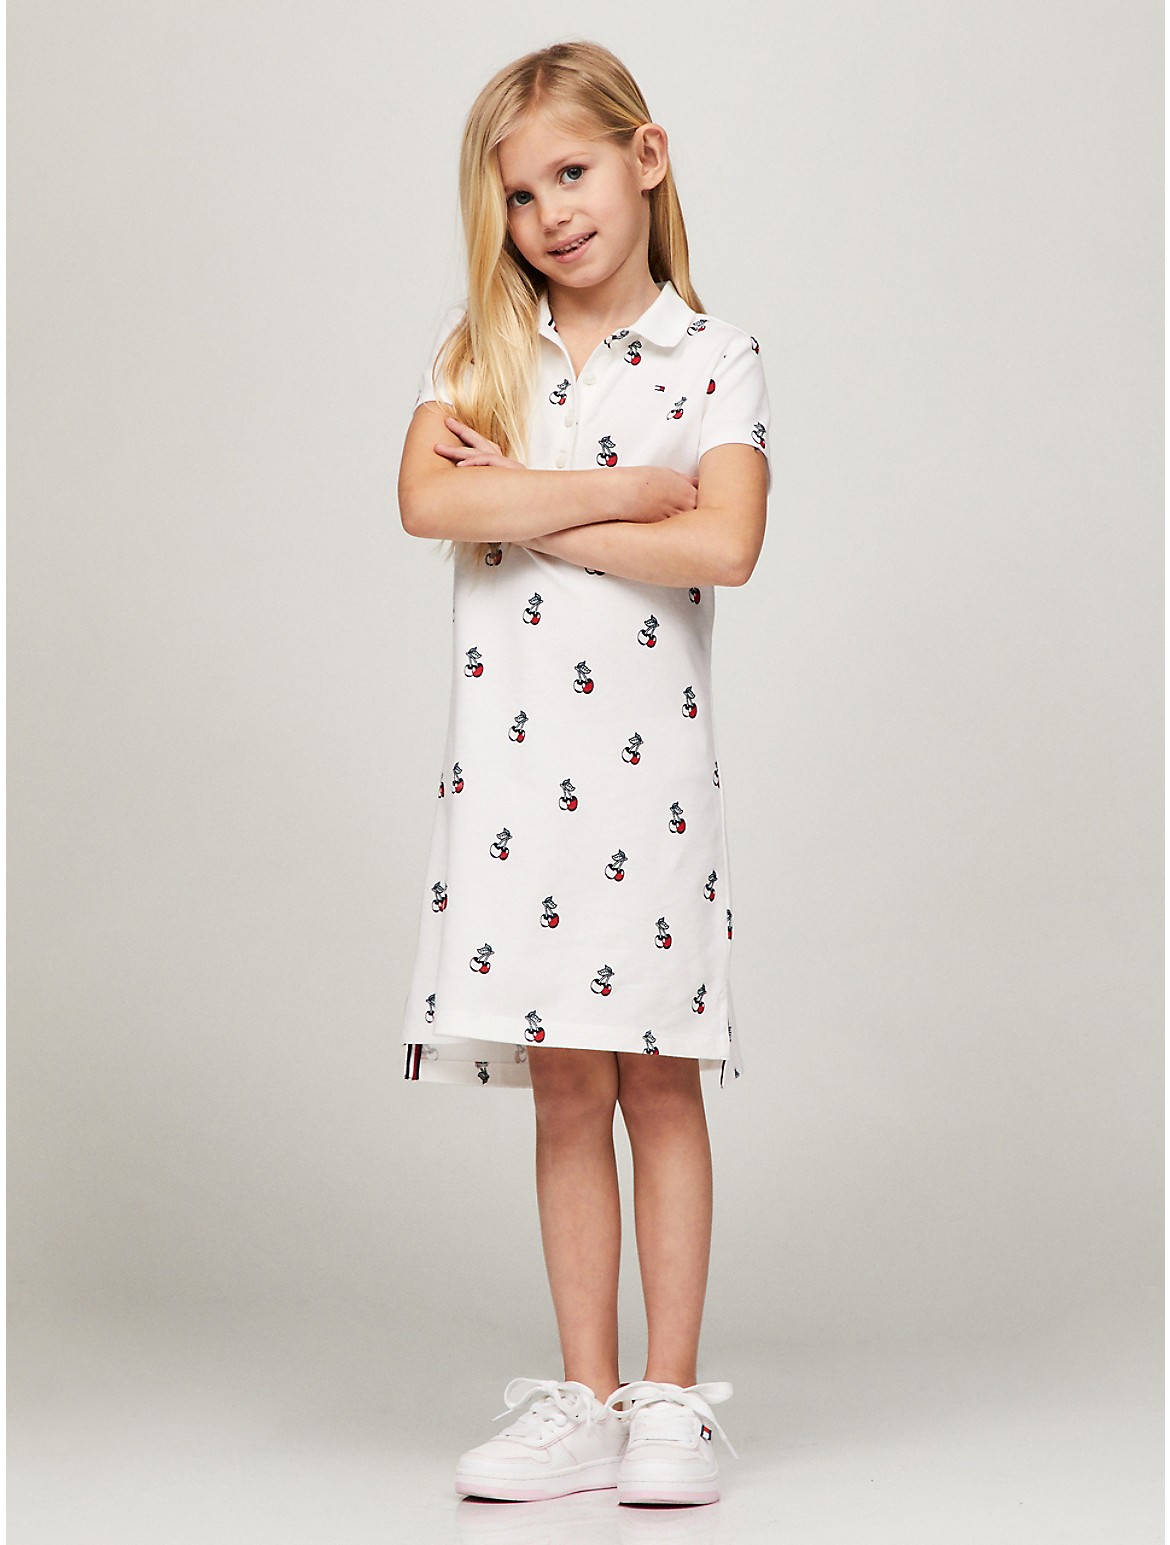 Tommy Hilfiger Girls' Kids' Cherry Stretch Pique Polo Dress - White - XXS
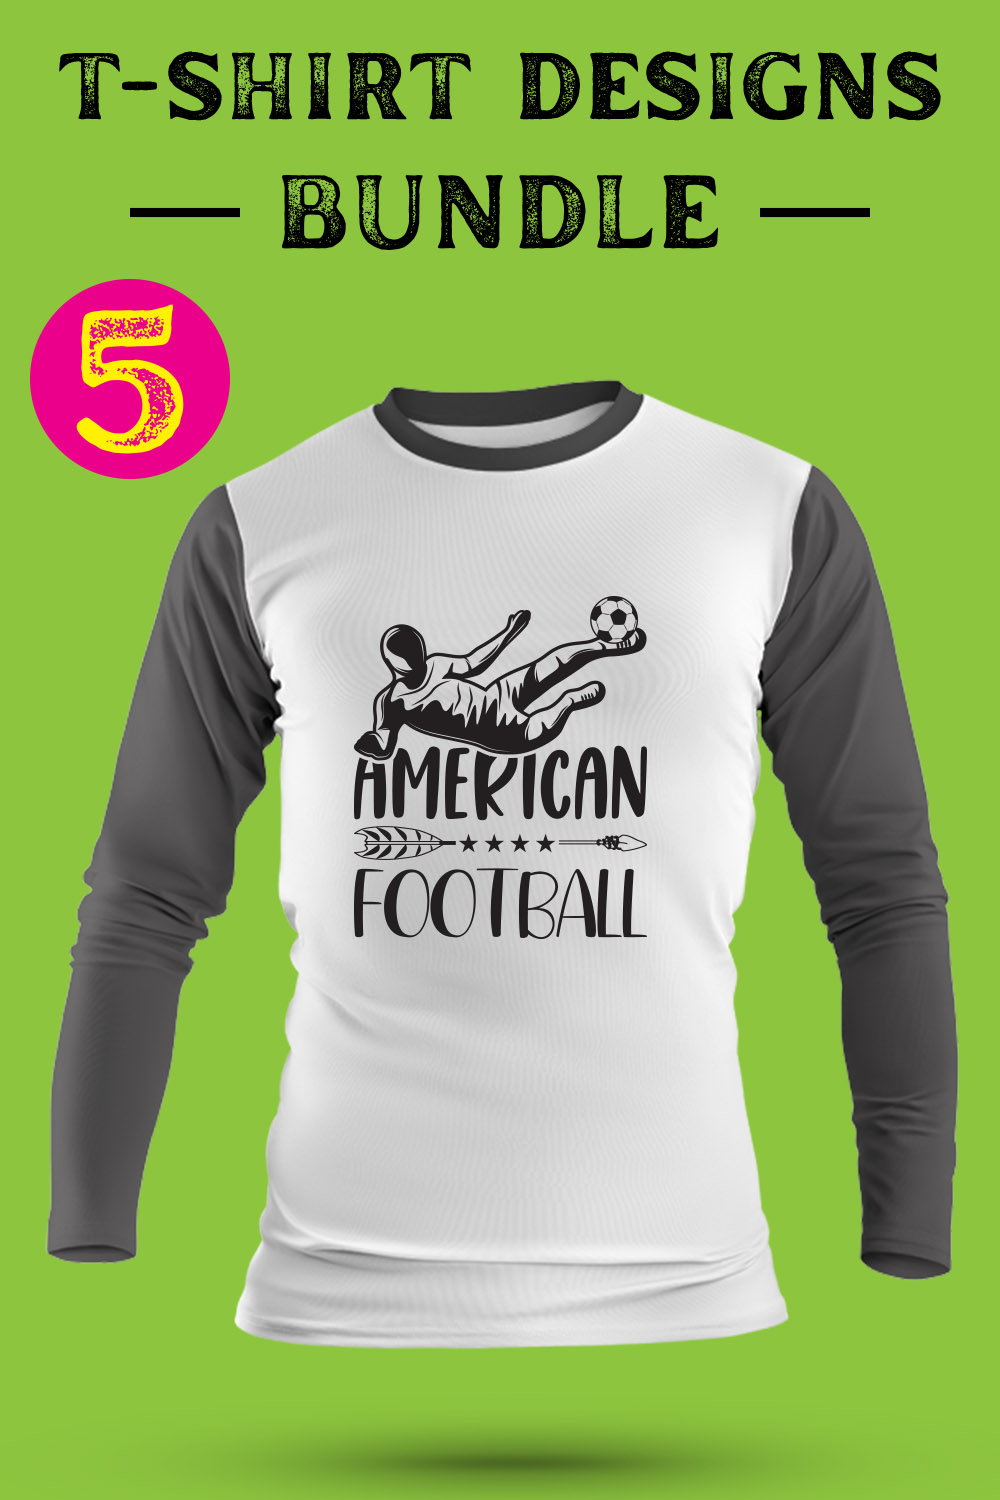 American Football Day T Shirt Designs Bundle voli-13 pinterest preview image.
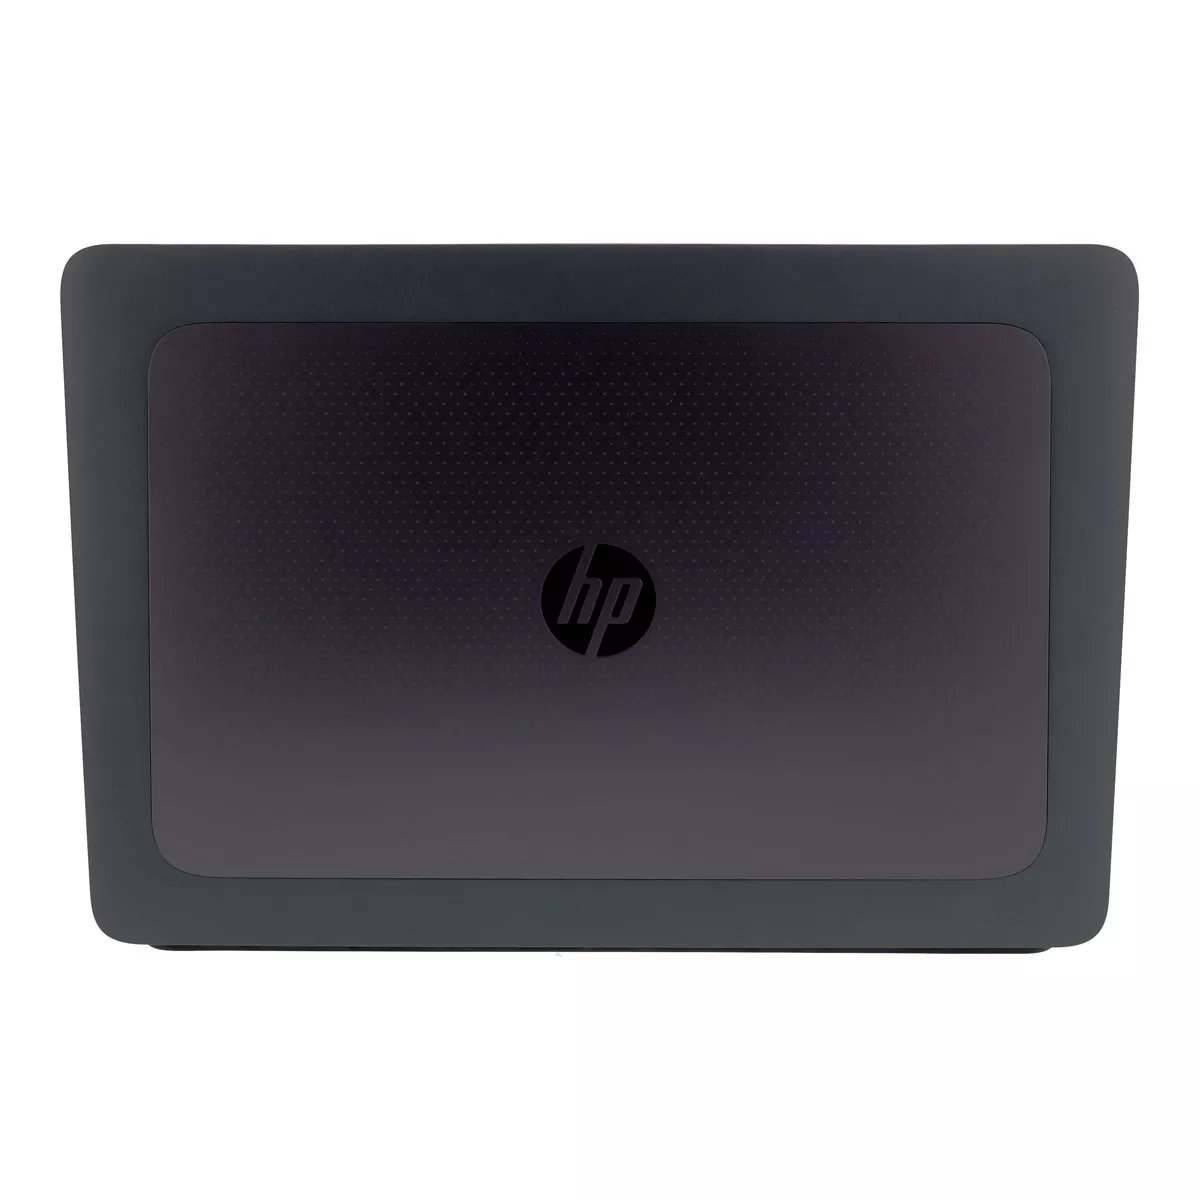 HP ZBook 15 G3 Core i7 6700HQ nVidia Quadro M2000M 16 GB 240 GB M.2 SSD Webcam B

Assignment — Skipping the images, write out the whole listing exactly.

Task response —
 Tommy Hilfiger Girls' Kids' Cherry Stretch Pique Polo Dress - White - XXS
 American Football Day T Shirt Designs Bundle voli-13 pinterest preview image.
 HP ZBook 15 G3 Core i7 6700HQ nVidia Quadro M2000M 16 GB 240 GB M.2 SSD Webcam B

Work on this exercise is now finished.